- Directed by: Atef Salem
- Starring: Samira Ahmed
- Release date: July 1967;
- Running time: 120 minutes
- Country: Egypt
- Language: Arabic

= Khan El Khalili =

1967 film

Khan El Khalili (خان الخليلي) is a 1967 Egyptian drama film directed by Atef Salem. It was entered into the 5th Moscow International Film Festival. It is based on Naguib Mahfouz’s 1945 novel of the same name.

==Cast==
- Samira Ahmed (Nawal)
- Imad Hamdi (Ahmed)
- Hassan Youssef (Rushdi)
- Abdel Waress Assar (Walid)
- Hussein al-Meliguy
- Taheyya Kariokka
- Mohamed Reda (Professor Nono)
- Mohammed Tawfik
- Anwar al-Khawan
- Amal Zayed (mother)
- Helmi Hilaly
- Saad Qutb
- Zuhair Sabry
- Abdel Ghani Nagdi
- Hussein Ismail
- Abdelmonem Ismail
- Abdel Moneim Bassioni
- Muhammad Mandour
- Tawfik El Deken
- Abdel Khalek Saleh
- Ali Al Ghandour
- Samia Roshdi
- Abdel Azim Abdel Haq
- Abdel Bader Al Deen
- Atef Makram (child)
- George Sidhom
- Nahed Sabri

==Synopsis==
Ahmed is forced to interrupt his studies to support his family and help his younger brother Rushdi complete his education.

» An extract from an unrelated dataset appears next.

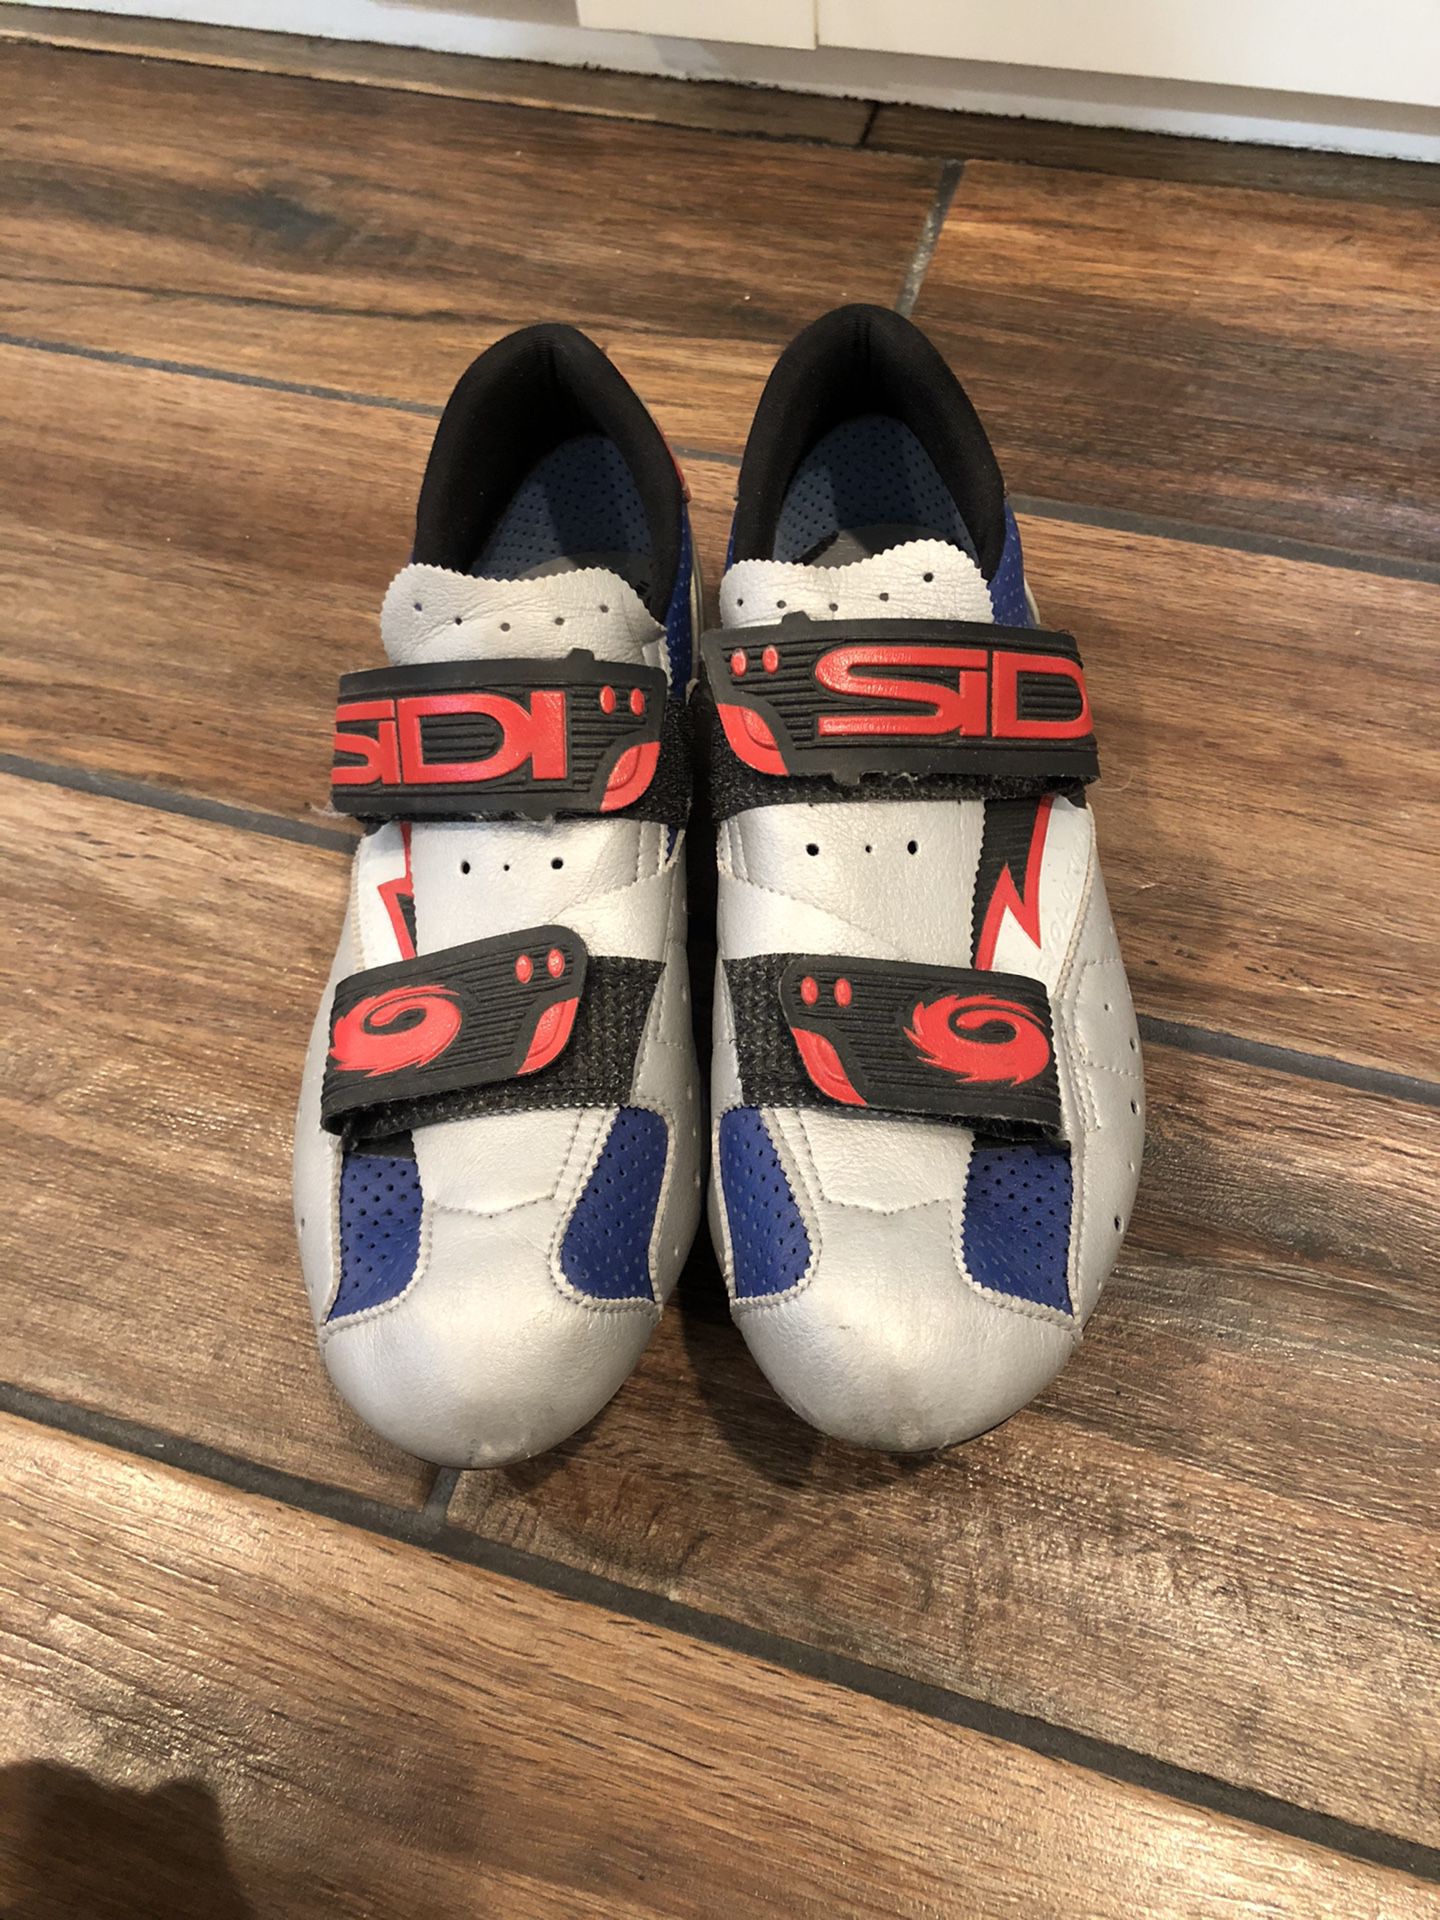 Spin shoes - size 7
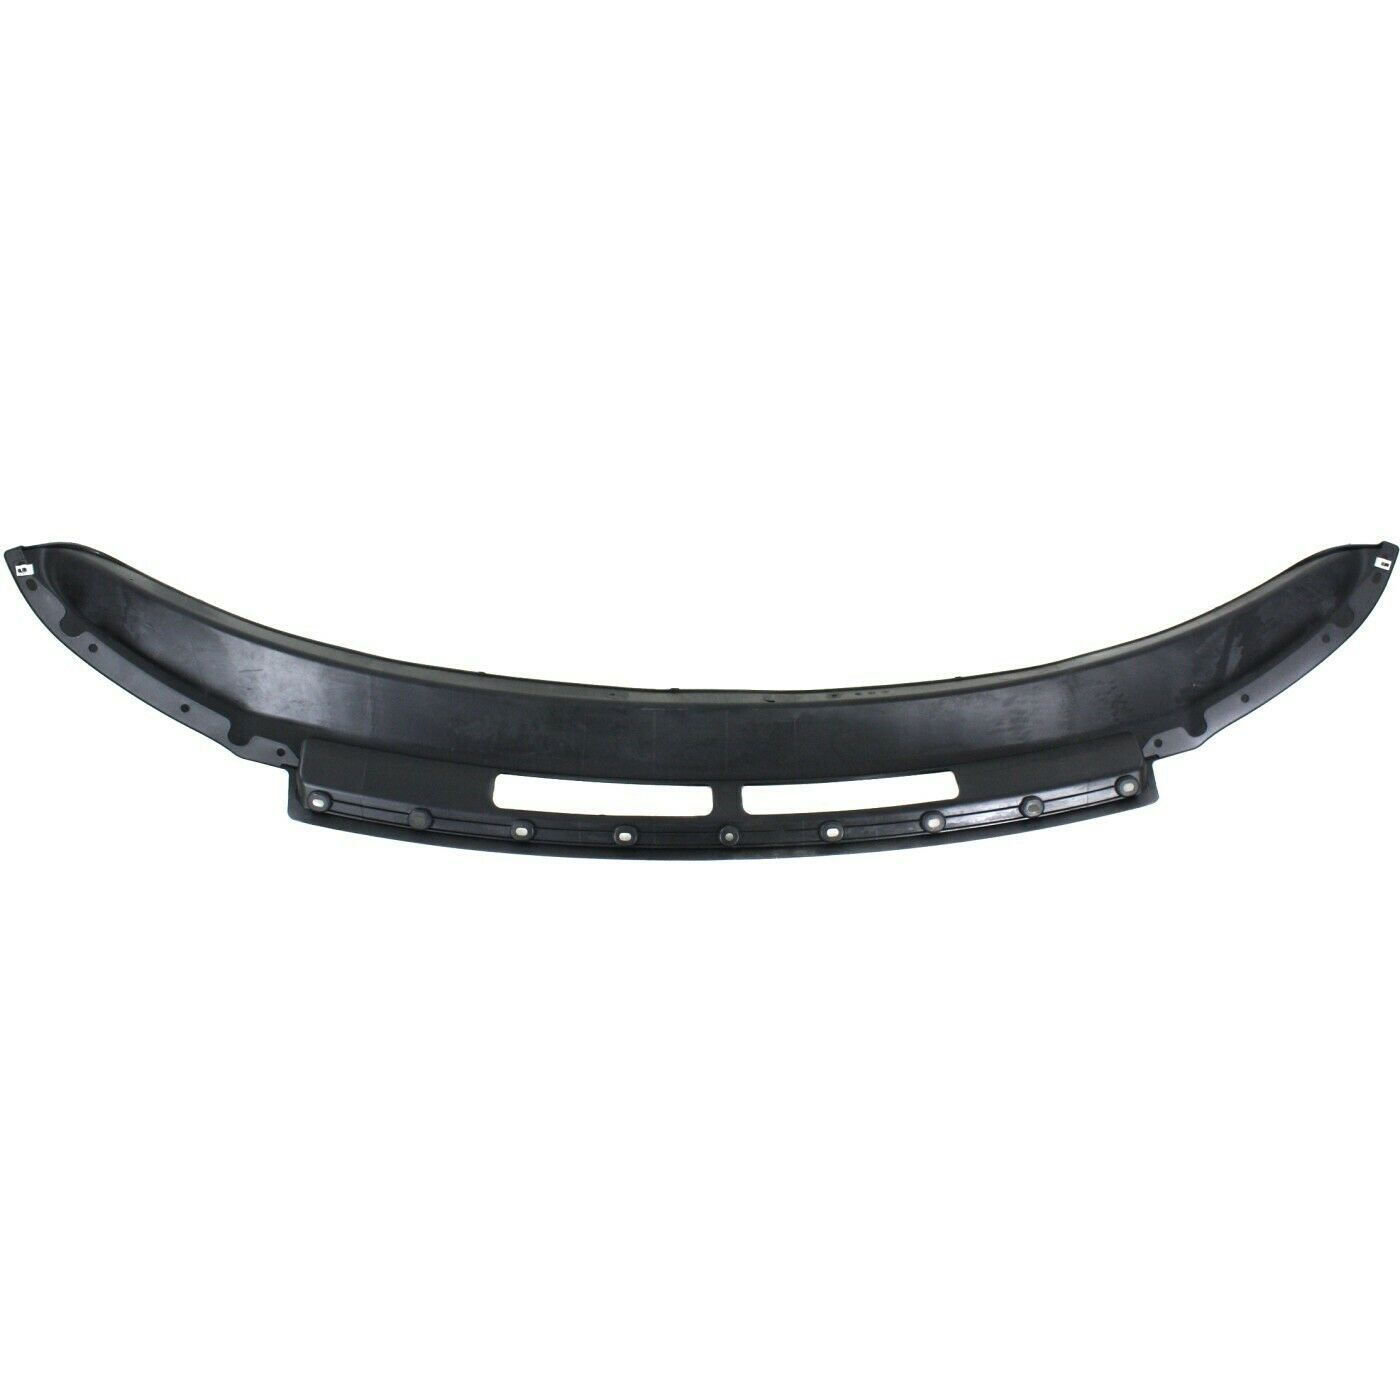 Dodge Ram 2013 - 2018 Front Textured Lower Valance 13 - 18 CH1090149 Bumper-King

He moves with his family from the El Sakkakini neighborhood of Cairo to the area of the Khan el-Khalili bazaar, where he gets to know the residents, including a professor named Nono who has lived there his entire life. Despite Rushdi’s frivolous life of diversions, he completes his education and becomes Ahmed’s sole accomplishment, albeit vicariously. Ahmed begins looking for love and finds it in their neighbor Nawal, but experiences a rude awakening when she falls for Rushdi. Looking for distraction, Ahmed goes with Nono to live with his ne’er-do-well friend Walid. Rushdi contracts tuberculosis as a result of his disreputable behavior, leaving everyone’s life in shambles.